Sometimes, Mother Nature has a sense of humor. It certainly seemed like that in parts of the Intermountain West on Wednesday, when snow began falling three days before the summer solstice. Abundant snowfall actually buried those same states in one foot of snow last week already:

Winter weather advisories were in effect for parts of northern Idaho and southwestern Montana early Wednesday, where snow in the higher elevations was accumulating as much as half a foot thick.

Snow could visit Yellowstone National Park overnight into early Thursday, with highs near 60 and a chance of thunderstorms in the afternoon.

A juiced-up summer storm meets cold air

The offseason visit by Old Man Winter comes as a robust shot of frigid air swings through at the upper levels, bringing stormy weather and cold-enough temperatures to flip rain over to snow.

The system had plenty of moisture to work with, dropping upward of two inches of rain across much of the region between the Cascades and Rockies, from the Northern Tier to the northern Rockies.

3.3 inches of rain fell from Monday through Wednesday morning in Big Sky, Mont., with 3.6 inches coming down in Clancy. Even Bozeman topped three inches of rain, greater than its average for the entire month of June.

But in Bear River State Park in Wyoming, that moisture came down as snow — at times heavy.
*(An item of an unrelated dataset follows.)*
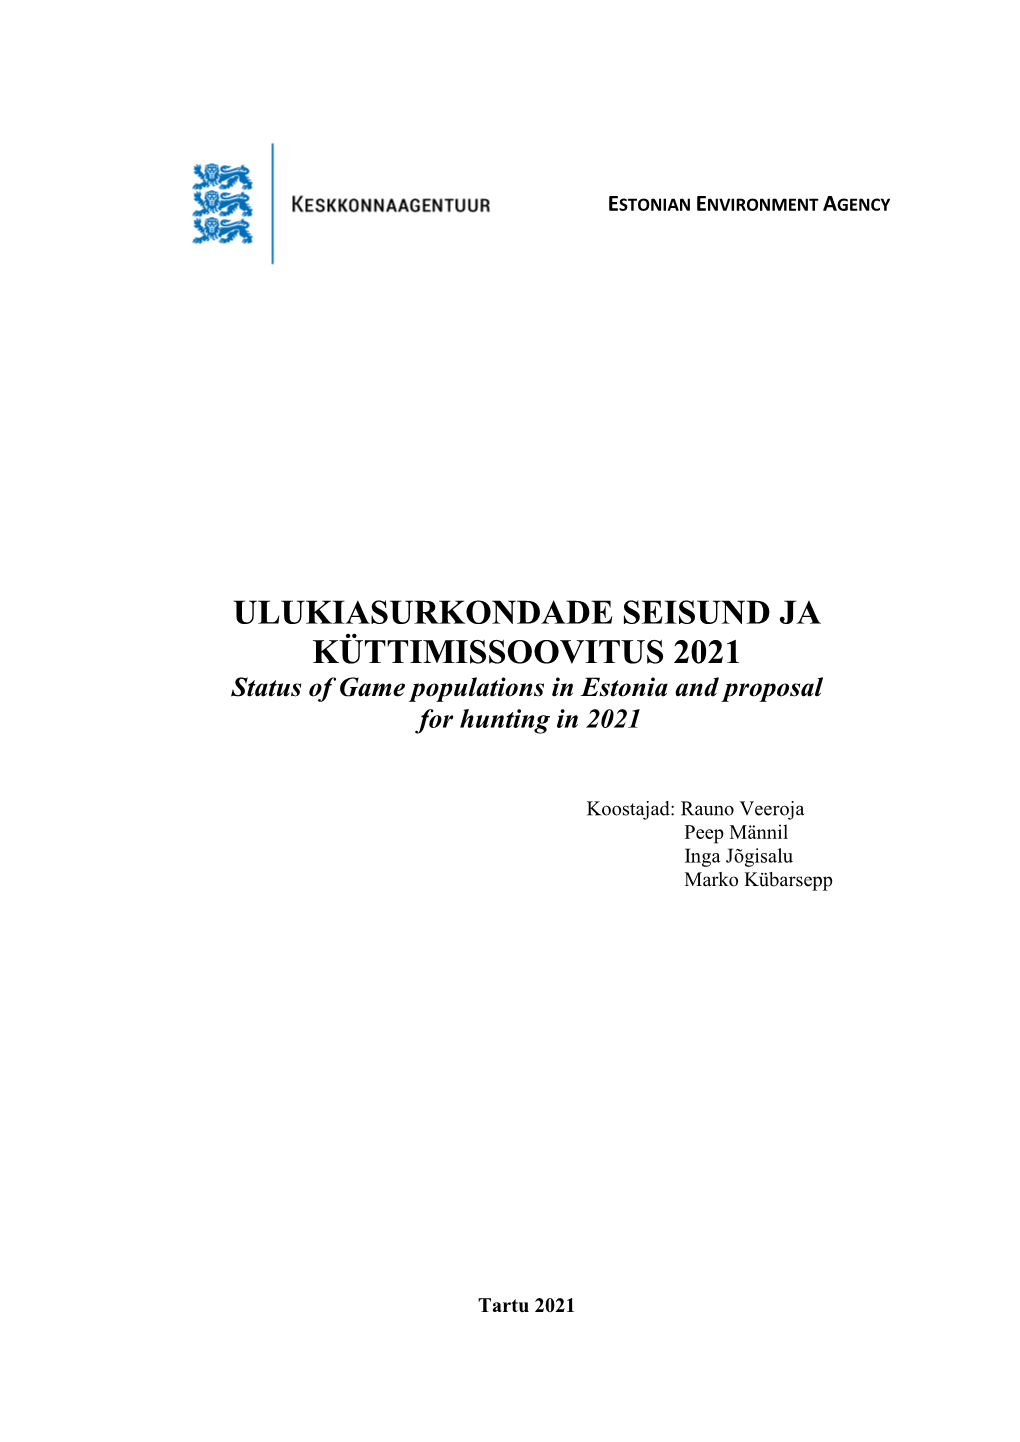 ULUKIASURKONDADE SEISUND JA KÜTTIMISSOOVITUS 2021 Status of Game Populations in Estonia and Proposal for Hunting in 2021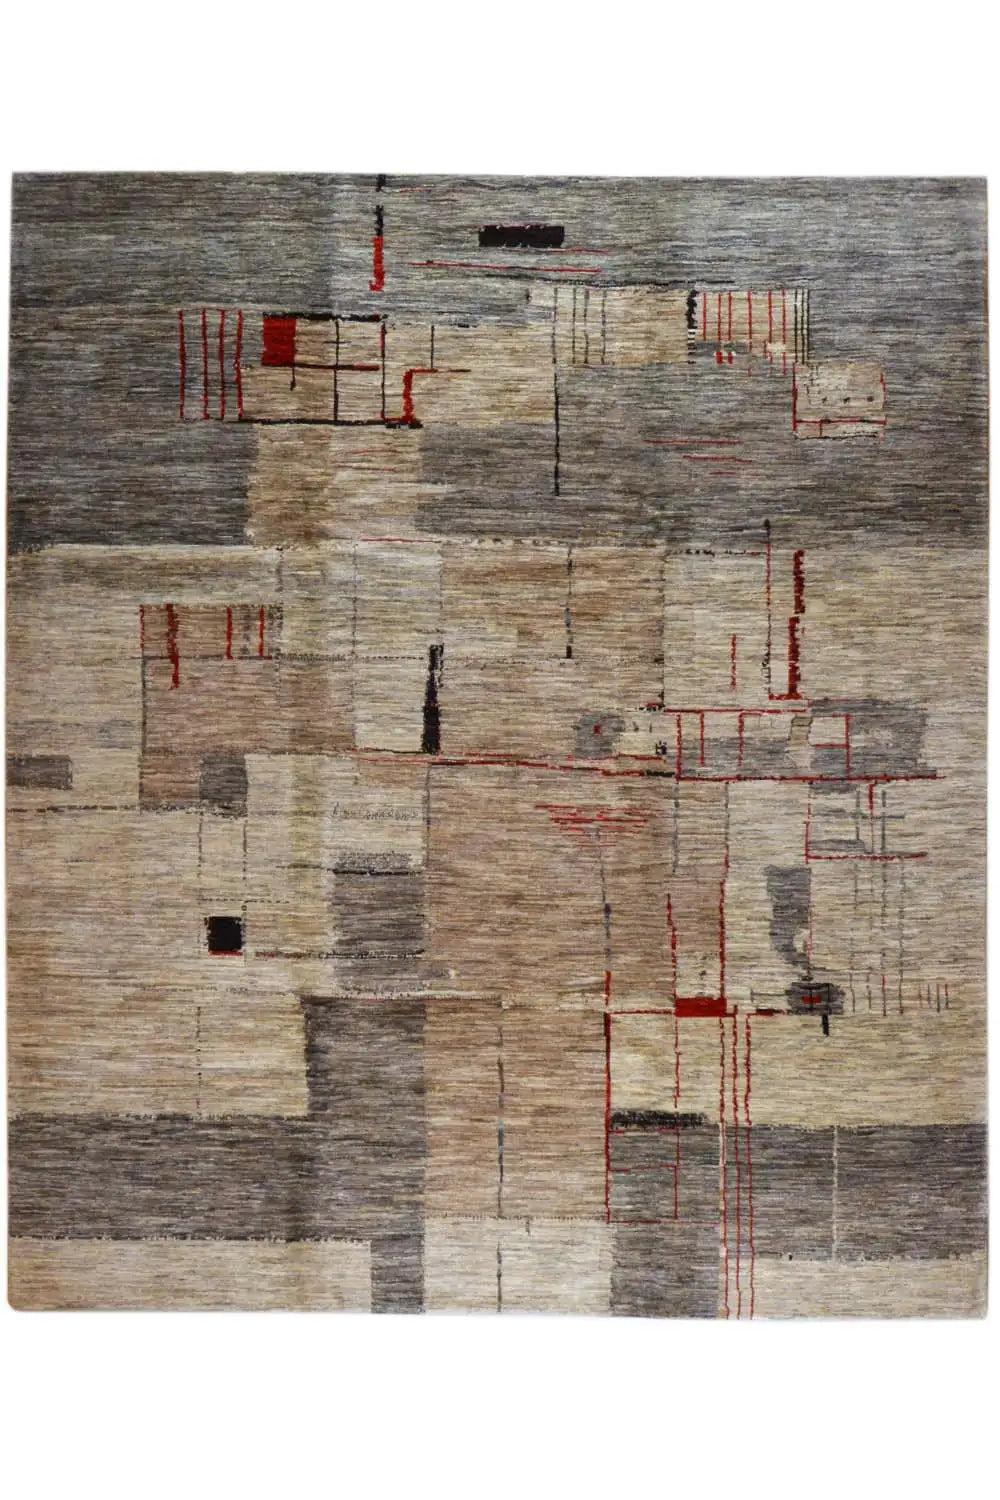 Gabbeh Lori Iran - 1401387 (289x248cm) - German Carpet Shop

The average high temperature for this time of year? 71 degrees.

A few mountain passes were expected to see between six and eight inches of snow, with elevations as low as 5,500 or 6,000 feet.

While the snow won’t stick around, it’s certainly not every day you see a winter wonderland in mid-June.

It’s a pretty rare event,” said Bob Nester, a senior meteorologist at the National Weather Service office in Missoula, Mont. “I’ve been here 20 years, and it’s only happened a handful of times.

How unusual is it?

Butte, Mont., which didn’t quite see snow this time around, has only recorded June snow 11 times between 1893 and 2001, according to Nester. The city sits at roughly 5,000 feet. Nester explained that, in extreme northern Idaho and adjacent parts of western Montana, snow from the ongoing storm primarily fell above the 6,000-foot elevation.

The focus of all the snow was above 6,300 or 6,400 feet,” explained Nester. “May and June are the wettest months of the year, especially in southwest Montana, so this is welcome.

Nester recalled one June storm that dropped six inches on Missoula in early June 2001, prompting the city’s mayor to declare a disaster.

That one was memorable,” recounted Nestor. “I was on the overnight shift, and we kept getting calls from people saying it sounded like firecrackers, with large [tree] limbs cracking.

In Idaho, pockets of snow developed with the low-pressure system’s “comma head” of wraparound moisture, where showers overlapped a jet of cold air streaming into the region. Snow levels there were able to drop to 5,500 feet overnight Tuesday into Wednesday morning.

We had reports of up to 3.5 inches of snow that fell overnight, mostly in the central part of Idaho where the highest mountains are,” said Jack Messick, a meteorologist at the National Weather Service office in Pocatello, Idaho. “If affects travel, obviously. And at some of the lower elevations [that see snow], if it’s not coniferous trees, if they’re deciduous, usually those [trees] are not used to having snow when their branches have leaves on them.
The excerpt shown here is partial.